Data for processing:
###

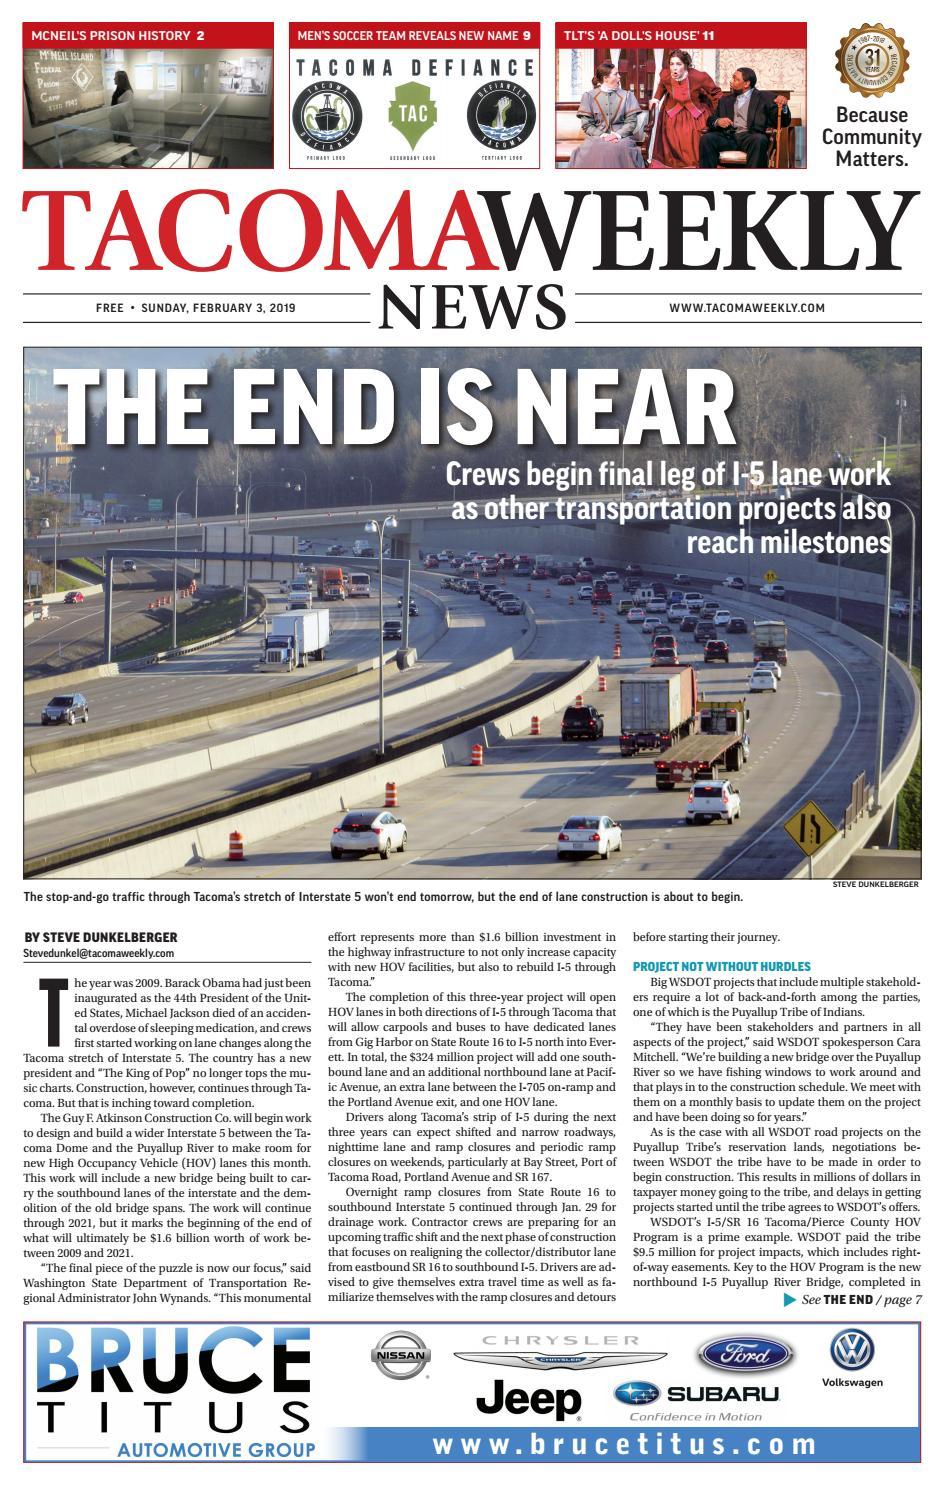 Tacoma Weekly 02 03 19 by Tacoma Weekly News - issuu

###

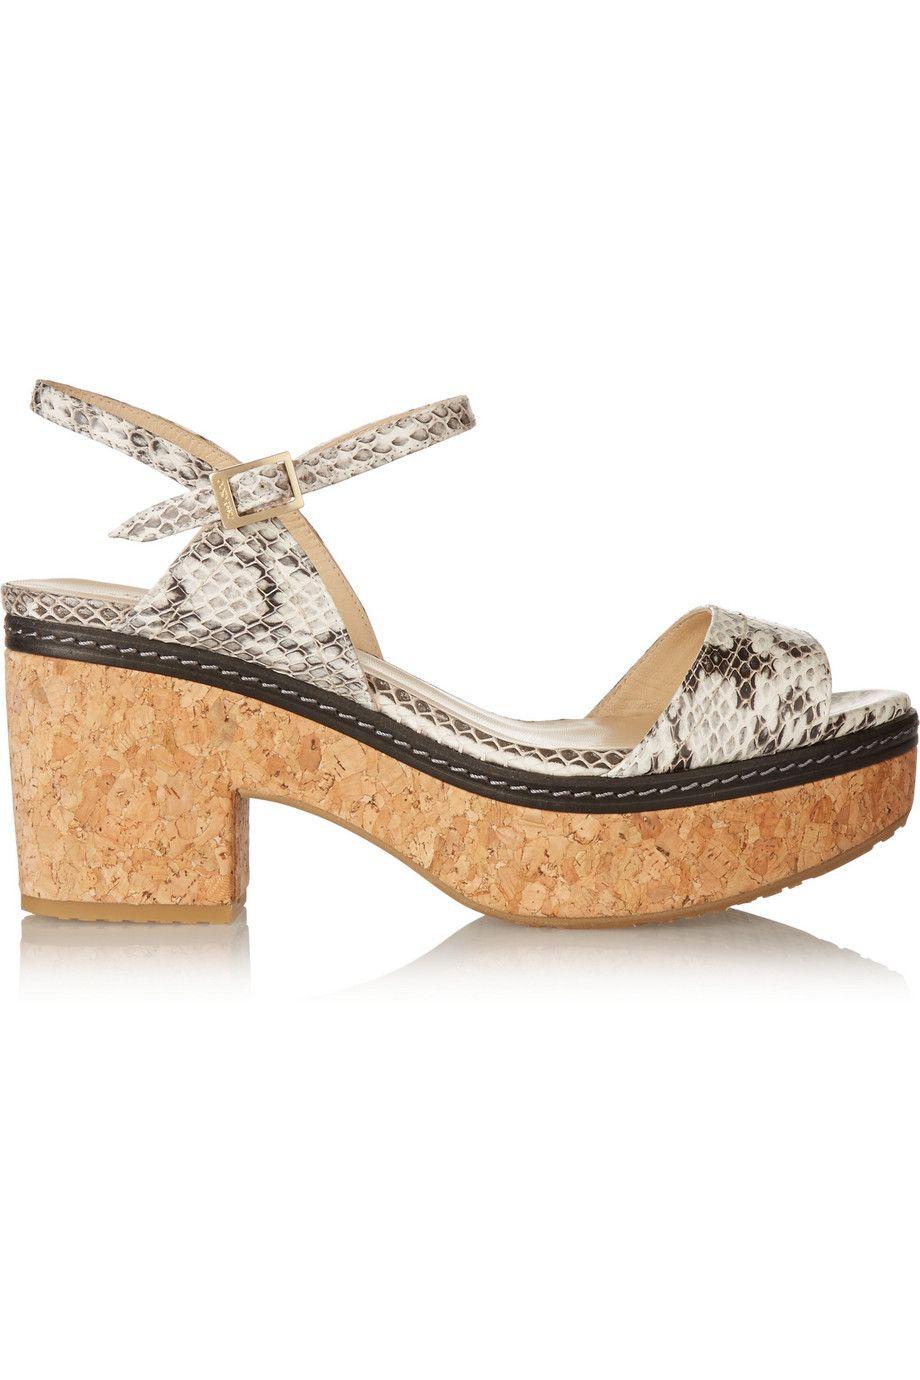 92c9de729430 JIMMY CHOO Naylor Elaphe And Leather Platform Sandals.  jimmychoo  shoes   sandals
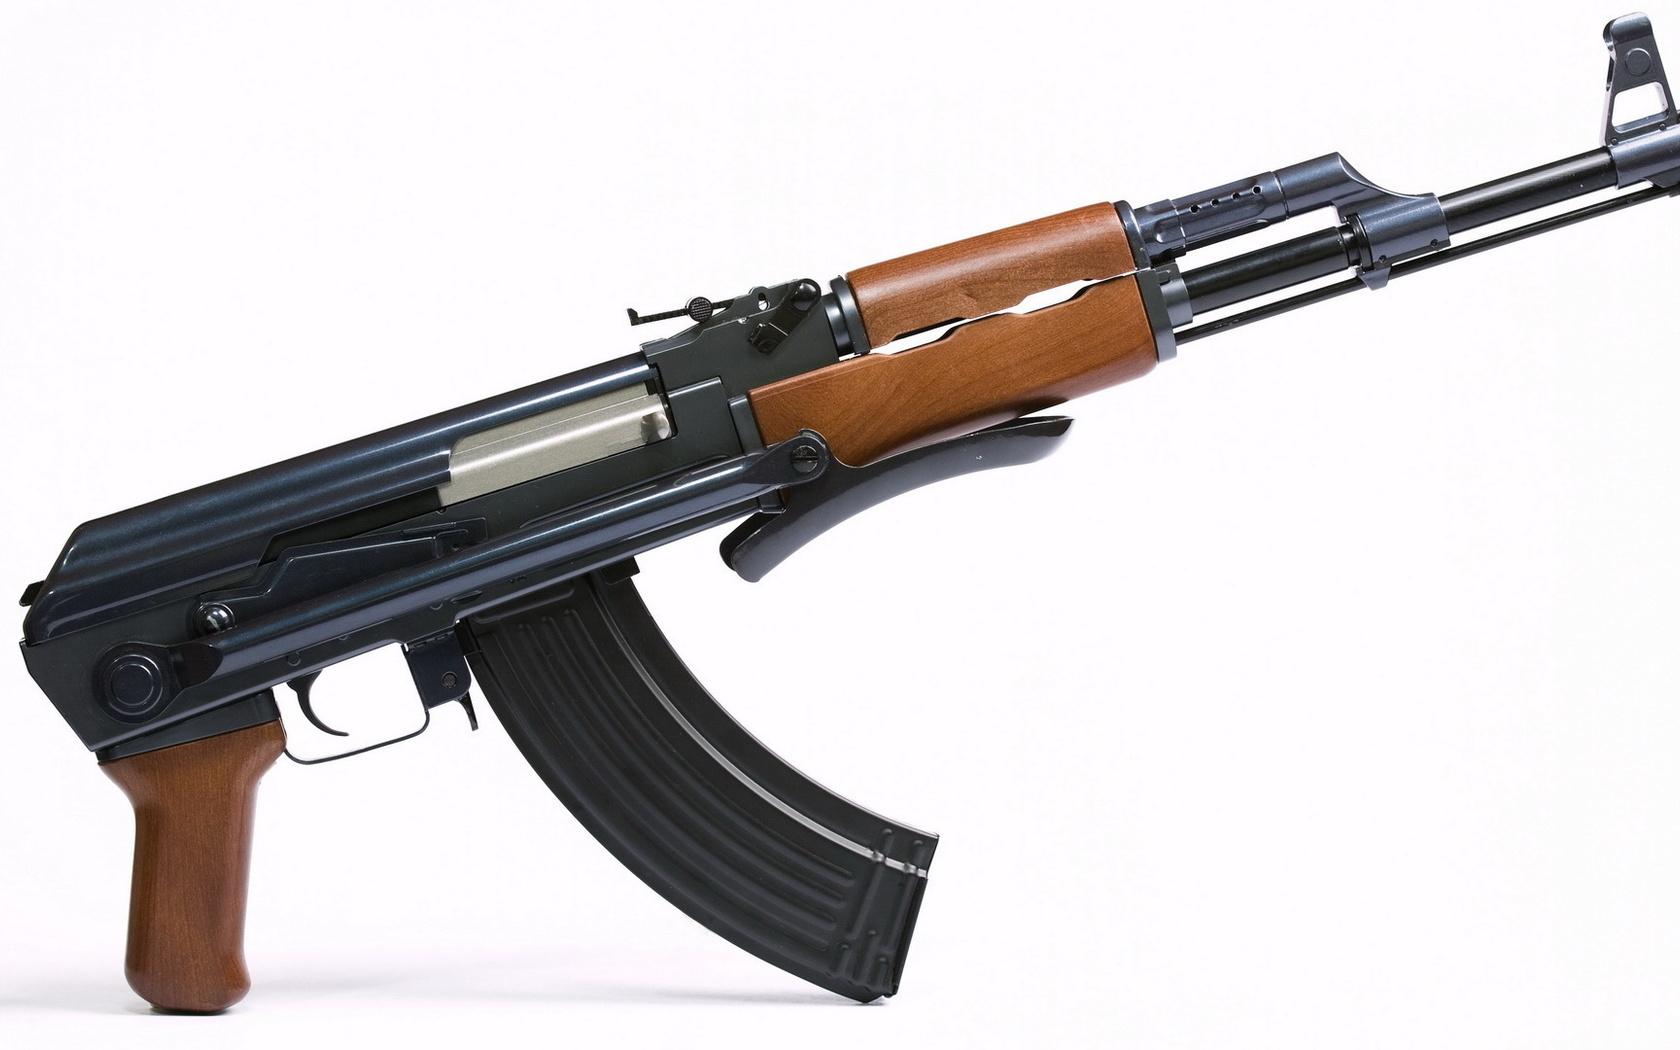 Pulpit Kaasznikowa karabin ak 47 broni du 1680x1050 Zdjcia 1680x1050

###

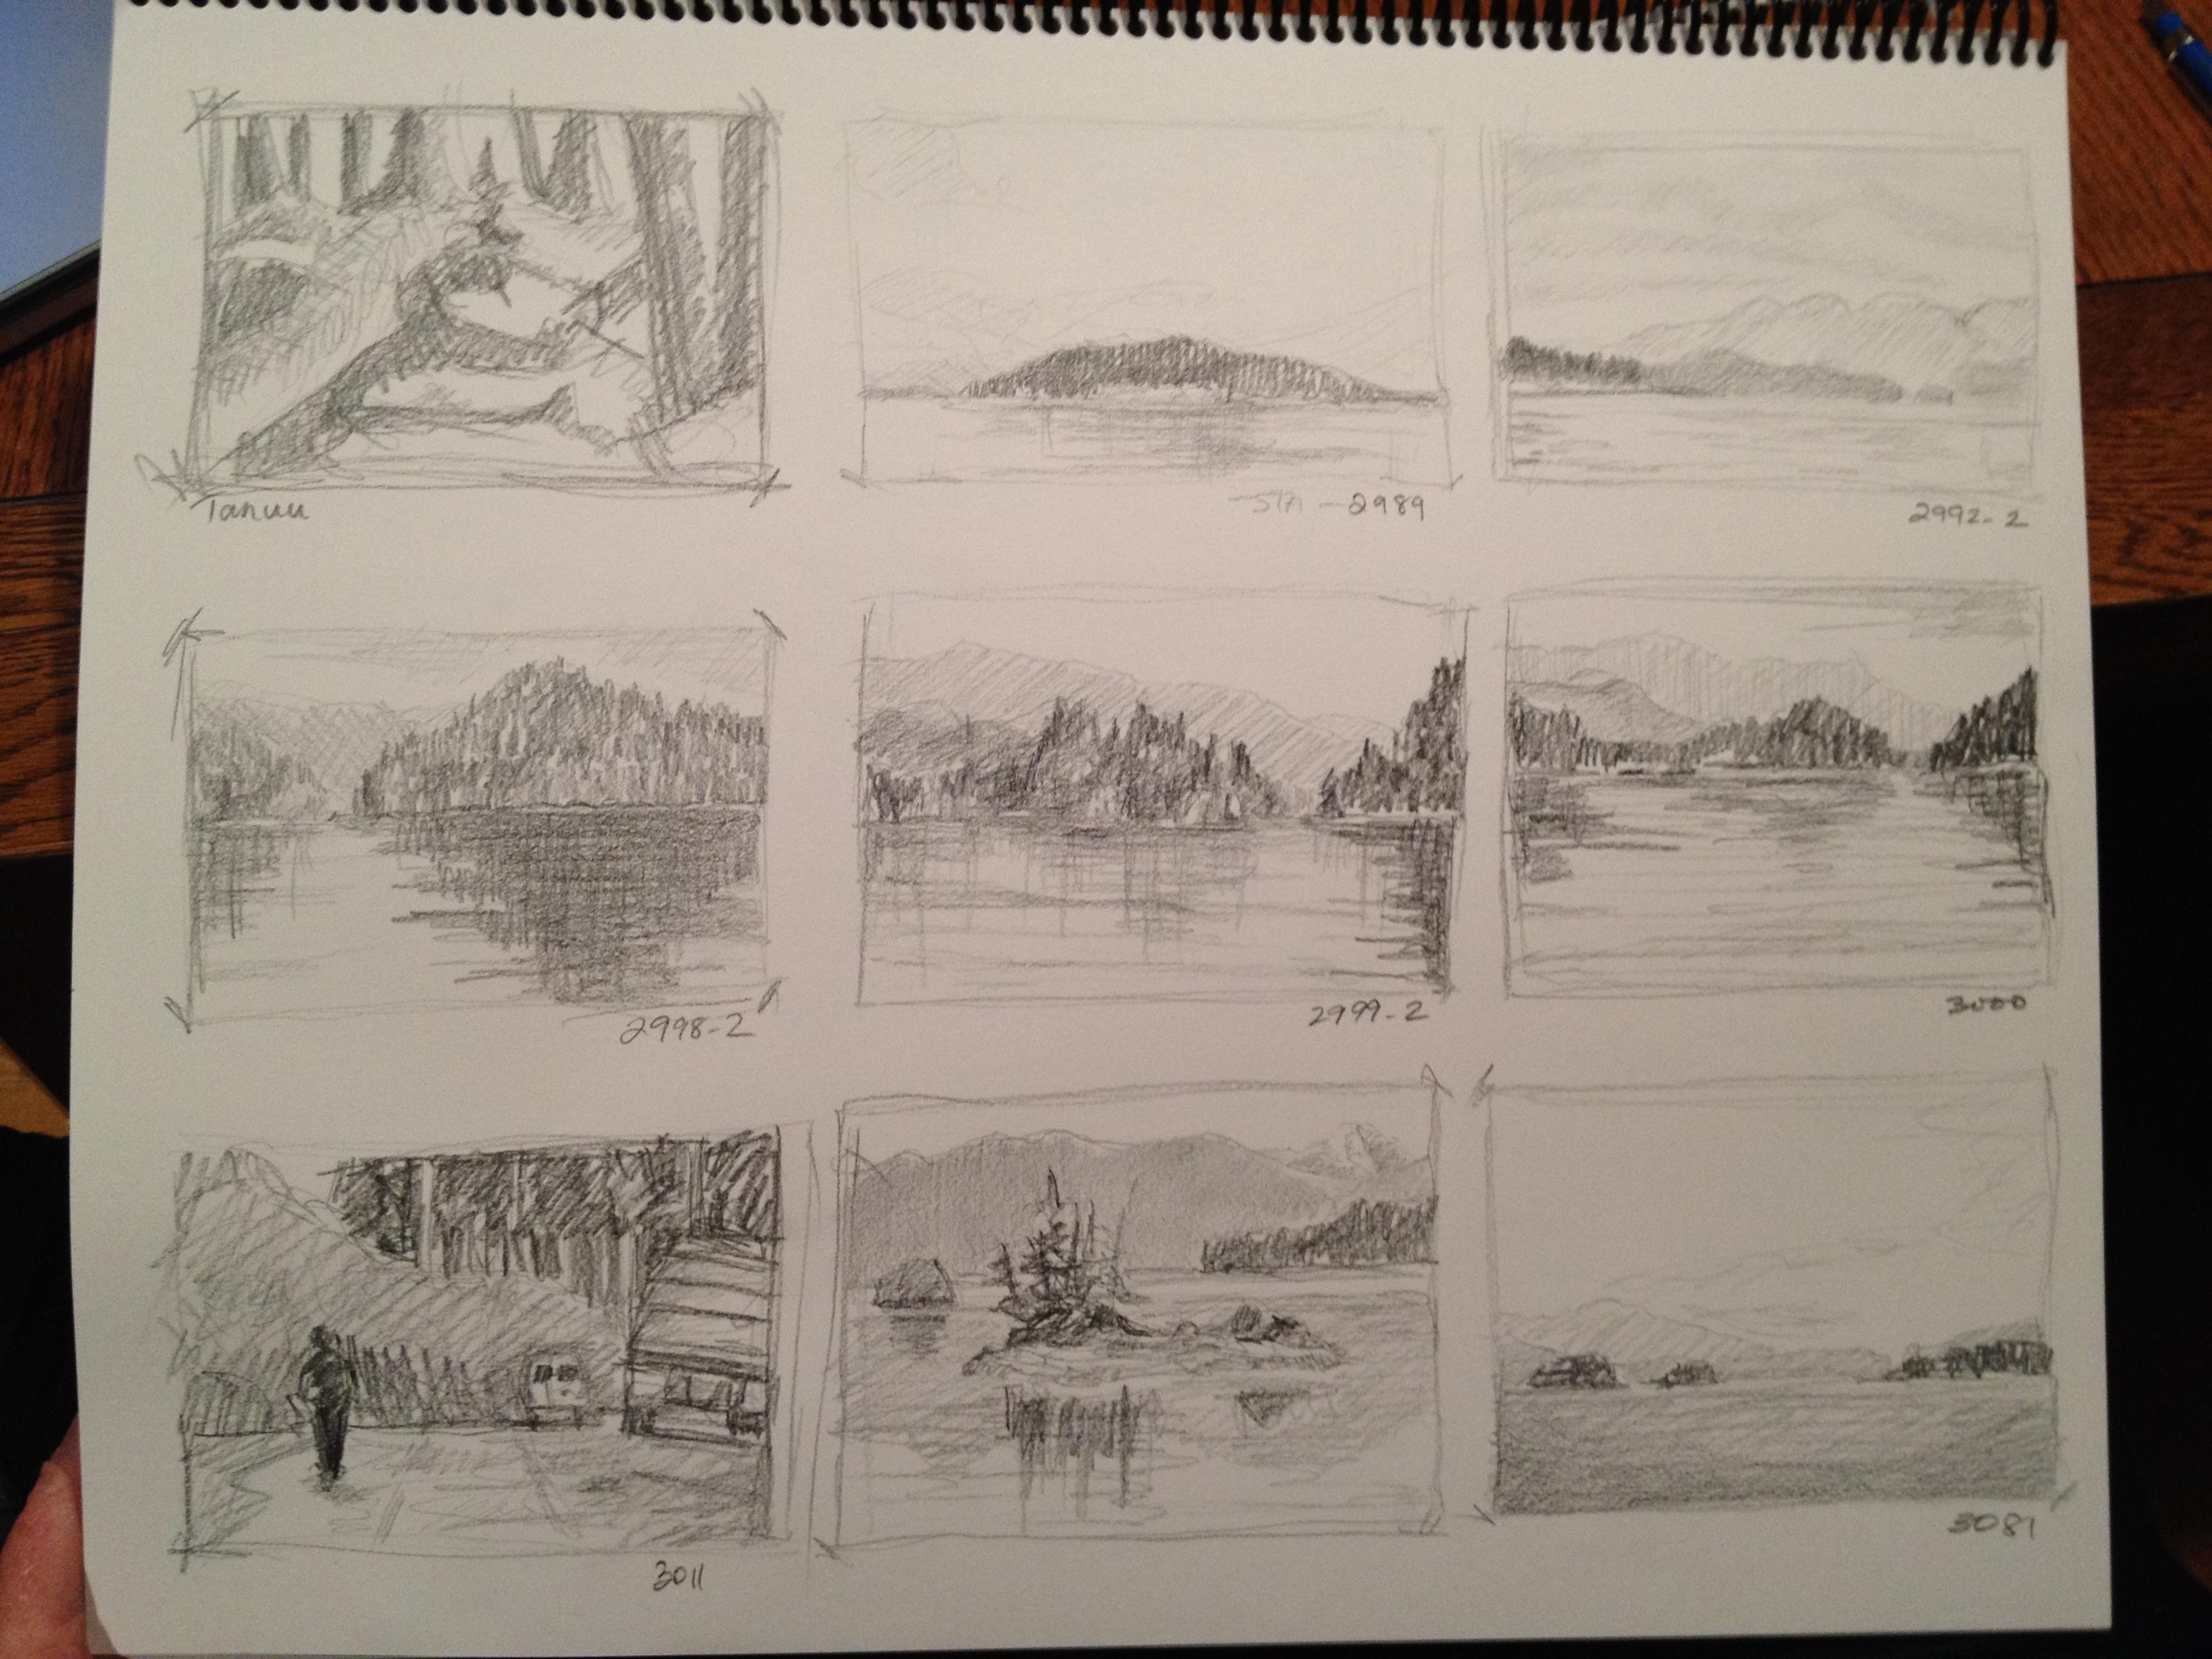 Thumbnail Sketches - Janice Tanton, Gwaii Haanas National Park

###

Your assignment: Copy back exactly the lines above from the one containing "92c9de729430 JIMMY CHOO" through the one containing "Pulpit Kaasznikowa karabin", and leave every picture behind.

Solution for this exercise:
 92c9de729430 JIMMY CHOO Naylor Elaphe And Leather Platform Sandals.  jimmychoo  shoes   sandals
 Pulpit Kaasznikowa karabin ak 47 broni du 1680x1050 Zdjcia 1680x1050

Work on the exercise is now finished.